You can also install the package from the Github repository.
[2]:
# !git clone git@github.com:APPFL/APPFL.git
# !cd APPFL
# !pip install -e ".[analytics,examples]"
Import dependencies
We put all the imports here. Our framework appfl is backboned by torch and its neural network model torch.nn. We also import torchvision to download the MNIST dataset.
[3]:
import numpy as np
import math
import torch
import torch.nn as nn
import torchvision
from torchvision.transforms import ToTensor
import appfl.run as ppfl
from appfl.config import *
from appfl.misc.data import Dataset
Train datasets
Since this is a simulation of federated learning, we manually split the training datasets. Note, however, that this is not necessary in practice. In this example, we consider only two clients in the simulation. But, we can set num_clients to a larger value for more clients.
[4]:
num_clients = 2
Each client needs to create Dataset object with the training data. Here, we create the objects for all the clients.
[5]:
train_data_raw = torchvision.datasets.MNIST(
"./_data", train=True, download=True, transform=ToTensor()
)
split_train_data_raw = np.array_split(range(len(train_data_raw)), num_clients)
train_datasets = []
for i in range(num_clients):
train_data_input = []
train_data_label = []
for idx in split_train_data_raw[i]:
train_data_input.append(train_data_raw[idx][0].tolist())
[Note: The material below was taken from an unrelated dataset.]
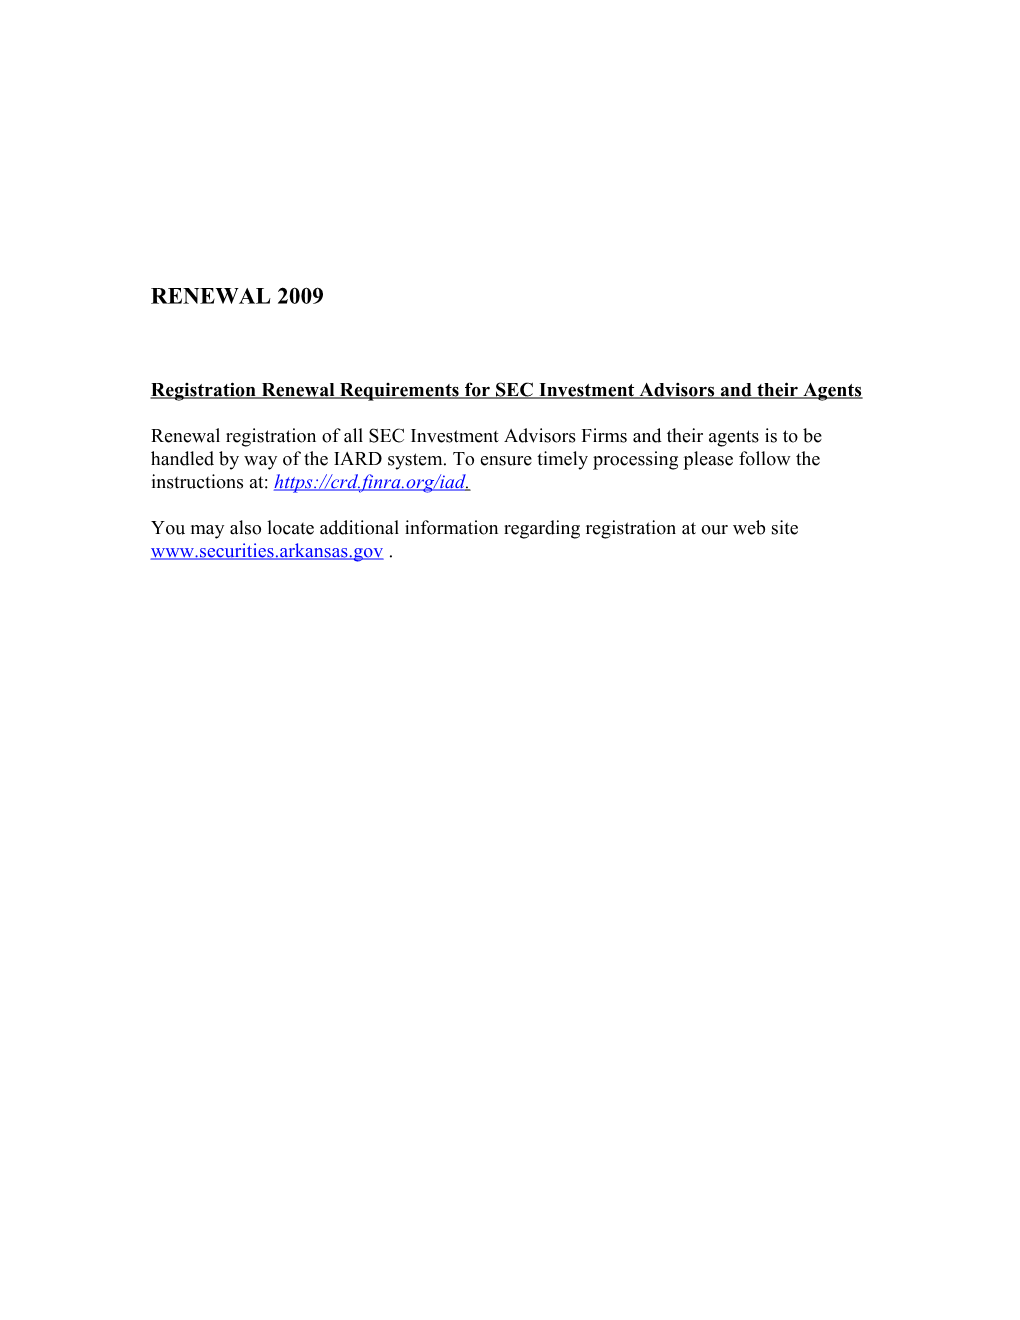 Registration Renewal Requirements for SEC Investment Advisors and Their Agents

train_data_label.append(train_data_raw[idx][1])
train_datasets.append(
Dataset(
torch.FloatTensor(train_data_input),
torch.tensor(train_data_label),
)
)
Downloading http://yann.lecun.com/exdb/mnist/train-images-idx3-ubyte.gz
Downloading http://yann.lecun.com/exdb/mnist/train-images-idx3-ubyte.gz to ./_data/MNIST/raw/train-images-idx3-ubyte.gz
9913344it [00:00, 32348560.75it/s]
Extracting ./_data/MNIST/raw/train-images-idx3-ubyte.gz to ./_data/MNIST/raw
Downloading http://yann.lecun.com/exdb/mnist/train-labels-idx1-ubyte.gz
Downloading http://yann.lecun.com/exdb/mnist/train-labels-idx1-ubyte.gz to ./_data/MNIST/raw/train-labels-idx1-ubyte.gz
29696it [00:00, 14584783.56it/s]
Extracting ./_data/MNIST/raw/train-labels-idx1-ubyte.gz to ./_data/MNIST/raw
Downloading http://yann.lecun.com/exdb/mnist/t10k-images-idx3-ubyte.gz
Downloading http://yann.lecun.com/exdb/mnist/t10k-images-idx3-ubyte.gz to ./_data/MNIST/raw/t10k-images-idx3-ubyte.gz
1649664it [00:00, 18256781.30it/s]
Extracting ./_data/MNIST/raw/t10k-images-idx3-ubyte.gz to ./_data/MNIST/raw
Downloading http://yann.lecun.com/exdb/mnist/t10k-labels-idx1-ubyte.gz
Downloading http://yann.lecun.com/exdb/mnist/t10k-labels-idx1-ubyte.gz to ./_data/MNIST/raw/t10k-labels-idx1-ubyte.gz
5120it [00:00, 8140574.86it/s]
Extracting ./_data/MNIST/raw/t10k-labels-idx1-ubyte.gz to ./_data/MNIST/raw
Test dataset
The test data also needs to be wrapped in Dataset object.
[6]:
test_data_raw = torchvision.datasets.MNIST(
"./_data", train=False, download=False, transform=ToTensor()
)
test_data_input = []
test_data_label = []
for idx in range(len(test_data_raw)):
test_data_input.append(test_data_raw[idx][0].tolist())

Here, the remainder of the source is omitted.